(ASSIGNMENT): Using the data that follows, output only the lines from the line with "Une femme en train de recycler ses vêtements" up to and including the line with "Web de decoracion amazing", exactly, leaving pictures aside.

(DATA):
= Beginning of Section =

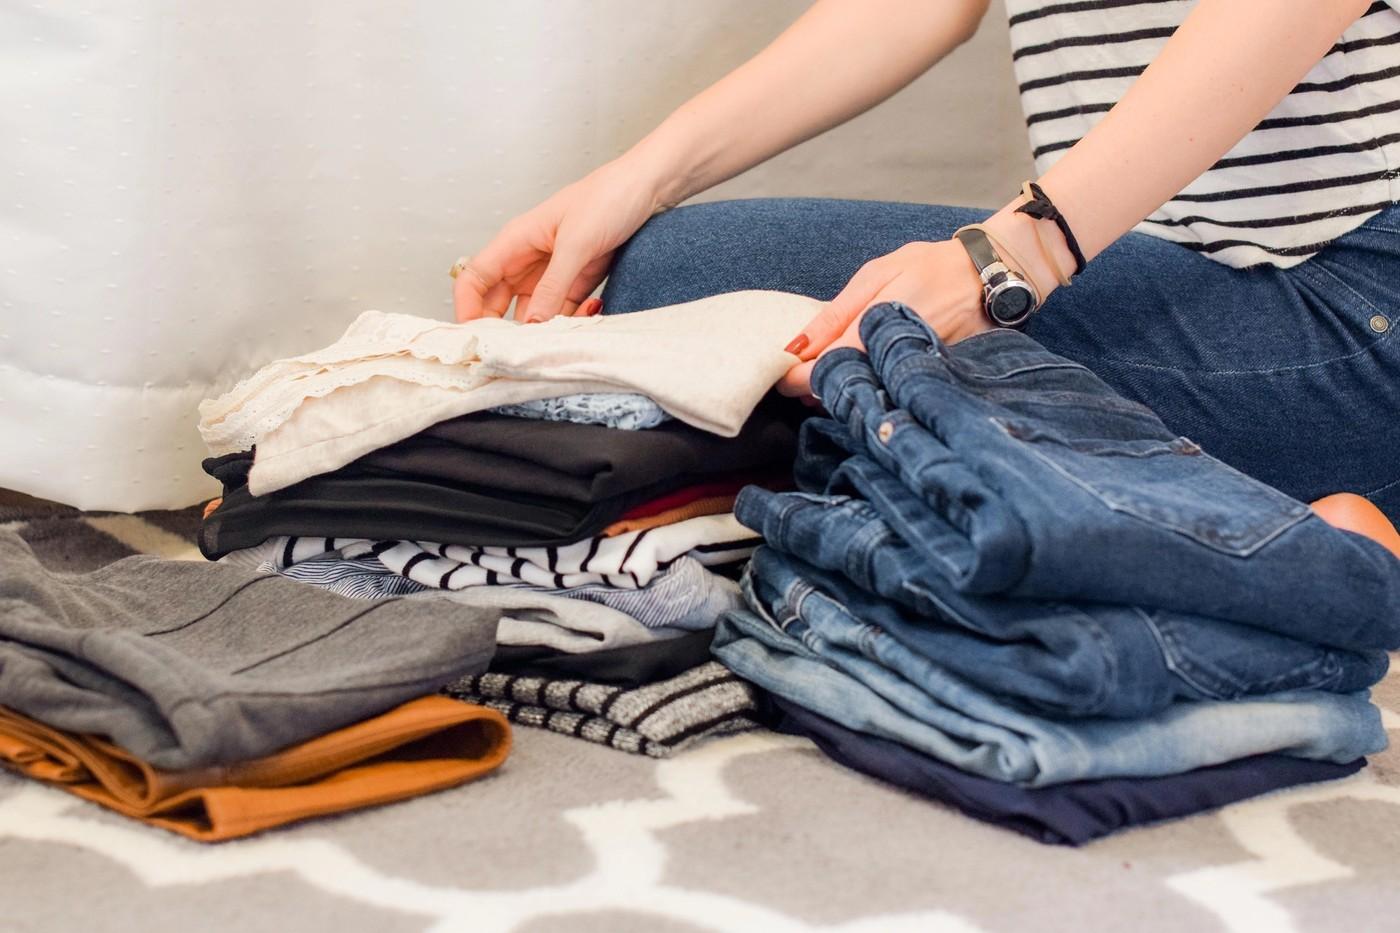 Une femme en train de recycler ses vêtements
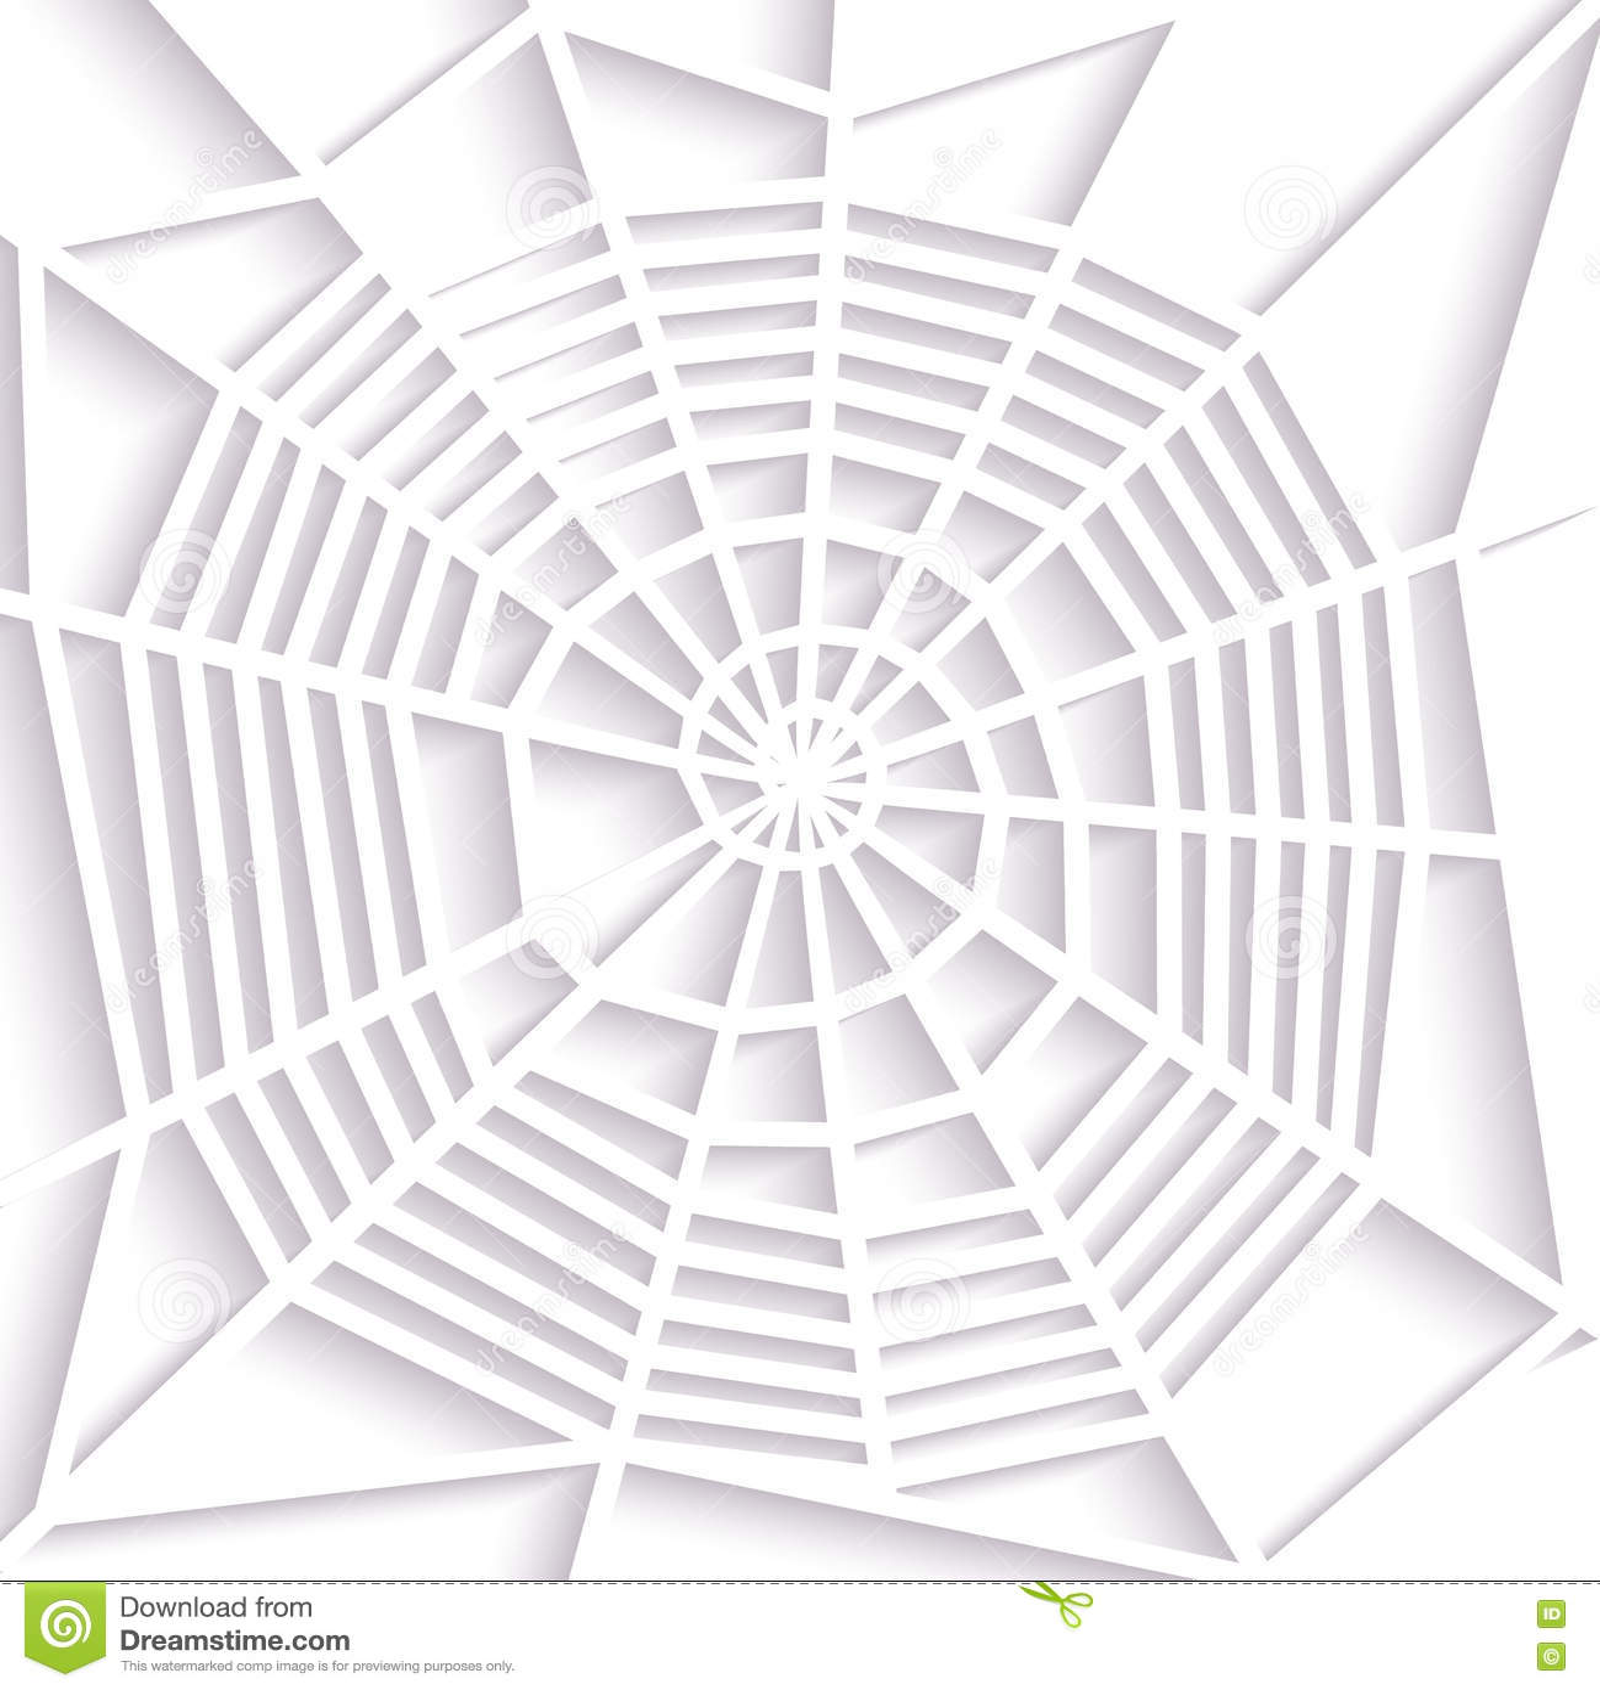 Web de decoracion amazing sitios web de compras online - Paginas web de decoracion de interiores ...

= End of Section =
= Beginning of Section =

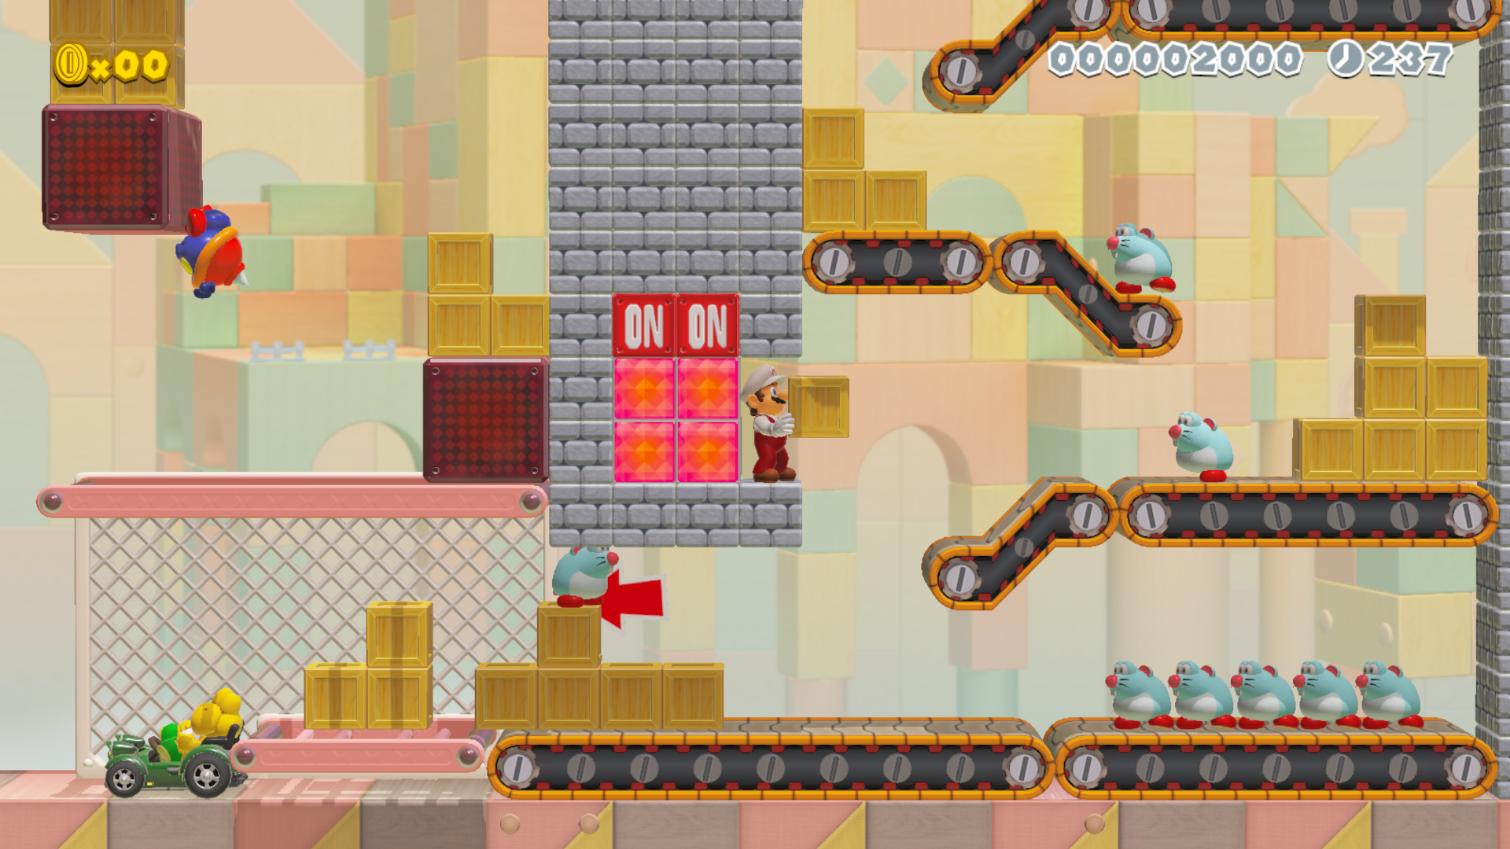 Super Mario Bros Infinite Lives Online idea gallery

= End of Section =
= Beginning of Section =

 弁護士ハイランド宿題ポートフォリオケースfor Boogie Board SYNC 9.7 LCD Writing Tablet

= End of Section =

(ANSWER TO THIS PROBLEM):
 Une femme en train de recycler ses vêtements
 Web de decoracion amazing sitios web de compras online - Paginas web de decoracion de interiores ...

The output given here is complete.